═════ INPUT DATA
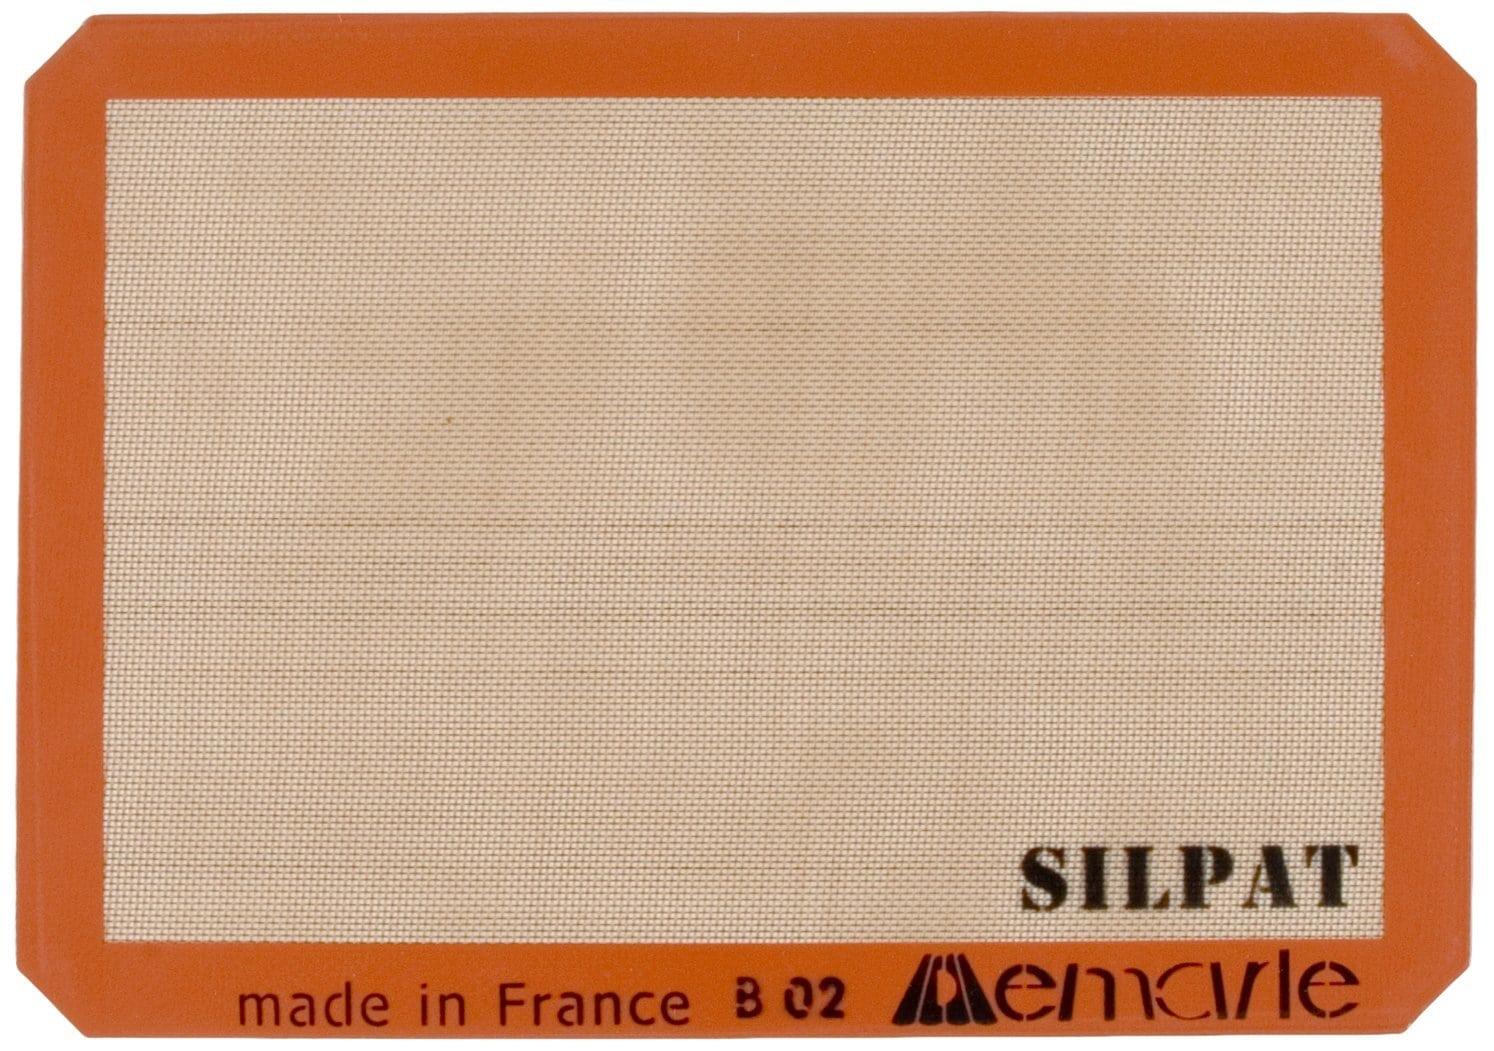 silpat nonstick mat
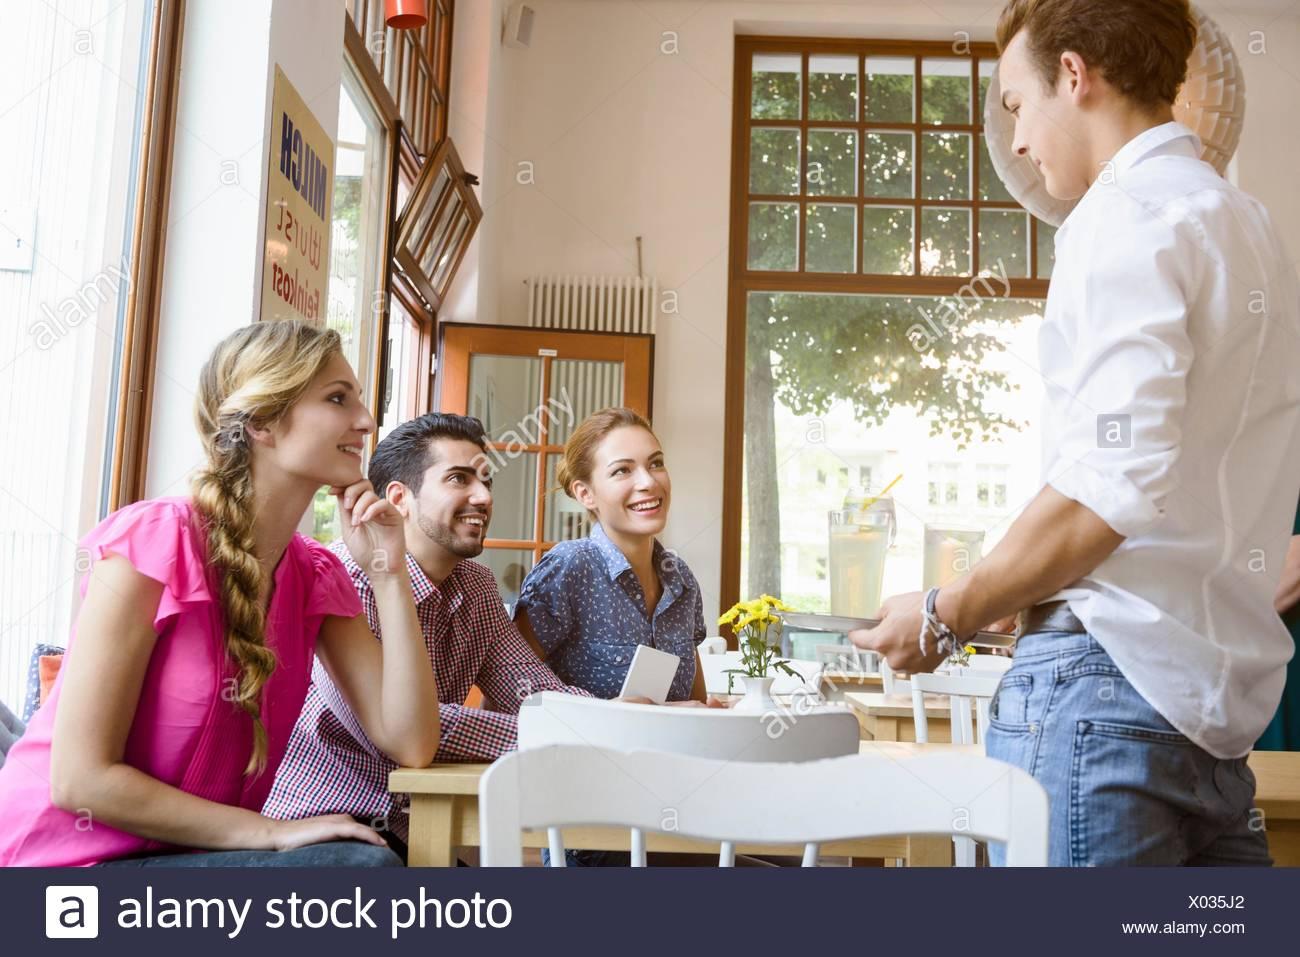 Cameriere facendo ordine da giovani amici adulti in cafe Immagini Stock
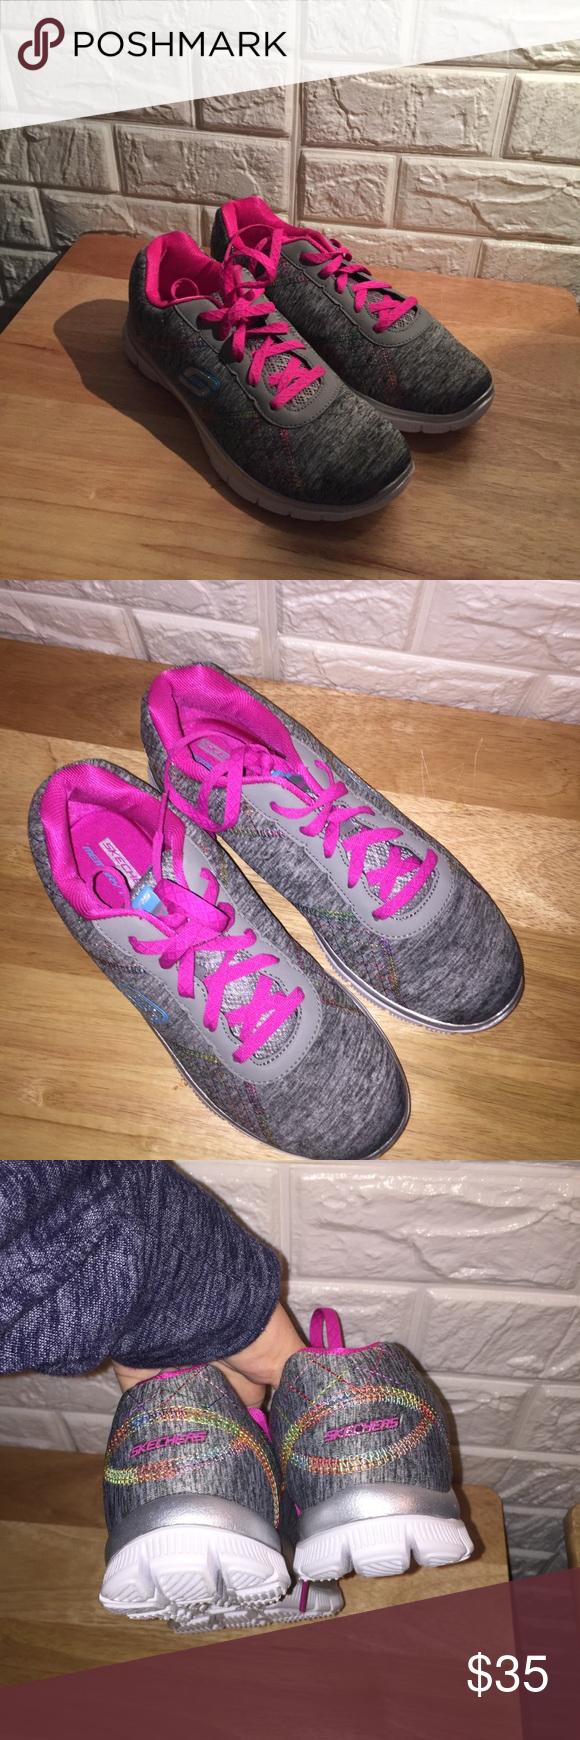 Skechers Shoes NWT Size 6                         </p>                     </div>                 </div>                 <div role=
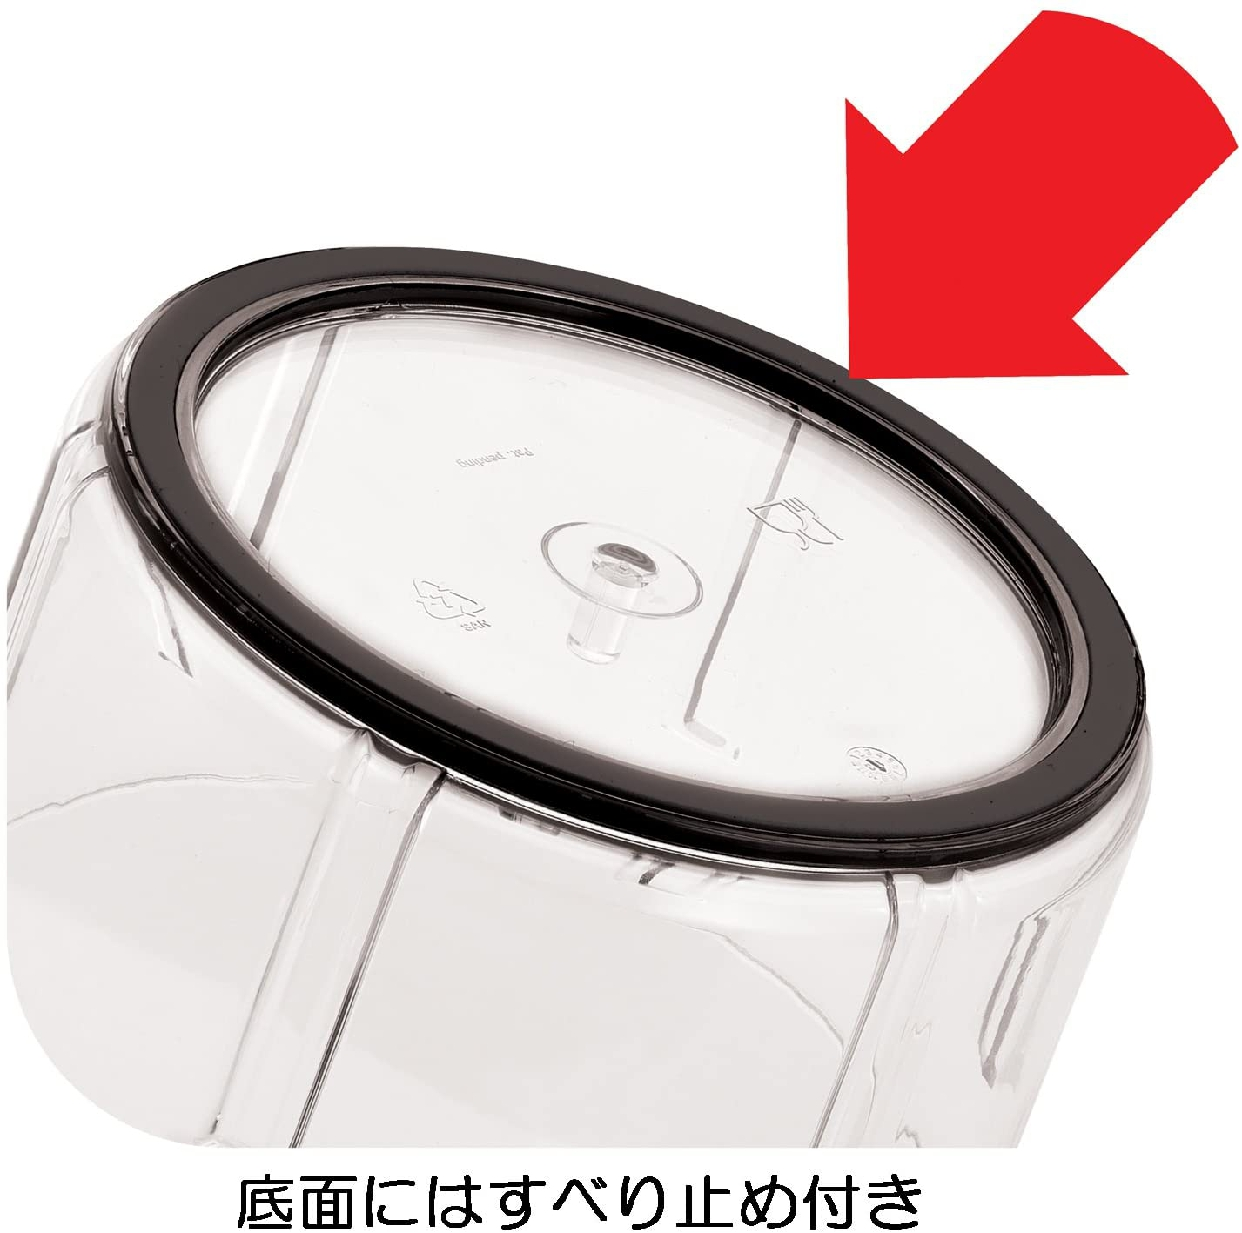 T-fal(ティファール) マルチみじん切り器「ハンディチョッパー・ネオ」 500ml K13704 ホワイトの商品画像2
══════════
= REQUIREMENT =
Set down the material word for word, and drop every picture from it.

= TASK ANSWER =
 silpat nonstick mat
 Cameriere facendo ordine da giovani amici adulti in cafe Immagini Stock
 Skechers Shoes NWT Size 6                         </p>                     </div>                 </div>                 <div role=
 T-fal(ティファール) マルチみじん切り器「ハンディチョッパー・ネオ」 500ml K13704 ホワイトの商品画像2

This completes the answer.